Fulacht fia, Inchanappa, Co. Wicklow
Co. Wicklow |
Settlement Sites
Scattered across the Irish countryside in their thousands, fulachtaí fia are among the most quietly puzzling monuments of prehistoric Ireland.
These low, horseshoe-shaped mounds of fire-cracked stone and charcoal-blackened earth are generally understood to represent the debris of repeated water-heating, in which stones were heated in a fire and dropped into water-filled troughs to bring the liquid to a boil. What they were used for, whether cooking, bathing, or something else entirely, remains a matter of active discussion among archaeologists. The example at Inchanappa, in County Wicklow, is one of three such monuments identified close together in the same area, which already sets it apart from a chance, isolated find.
The Inchanappa fulacht fia came to light during archaeological monitoring in 2004, as part of work carried out under Excavation Licence 04E1334, and was subsequently excavated the following year. When fully recorded, it proved to be a roughly circular burnt-mound deposit measuring thirteen metres by fifteen metres and surviving to a depth of around thirty centimetres, a modest but legible presence in the ground. Beneath it, two pits interpreted as troughs had been sealed by the accumulated mound material over millennia.

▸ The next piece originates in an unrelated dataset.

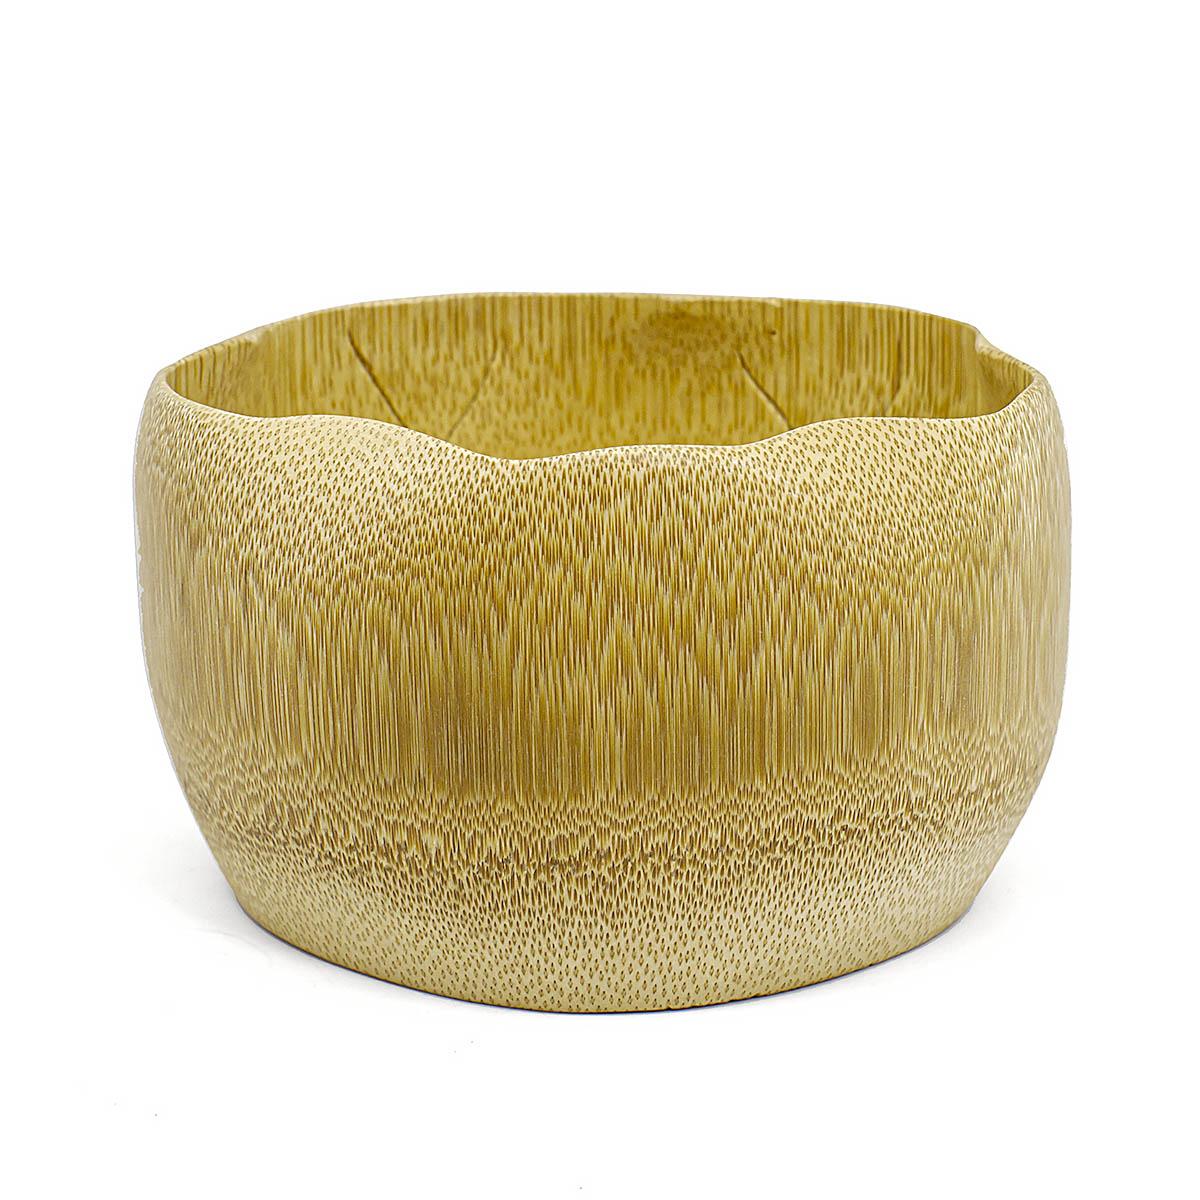 Чаша для матча бамбуковая, 300 мл чаша для матча керамическая сапфировая 500 мл

A radiocarbon date obtained from one of those troughs placed the site in the Early Bronze Age, broadly the period from around 2500 to 1500 BC, confirming that people were using this spot for fire and water some four thousand years ago. The proximity of two further fulachtaí fia in the same landscape suggests this was not an incidental or one-off activity, but a place people returned to, or at least a locality where such work was carried out on some scale.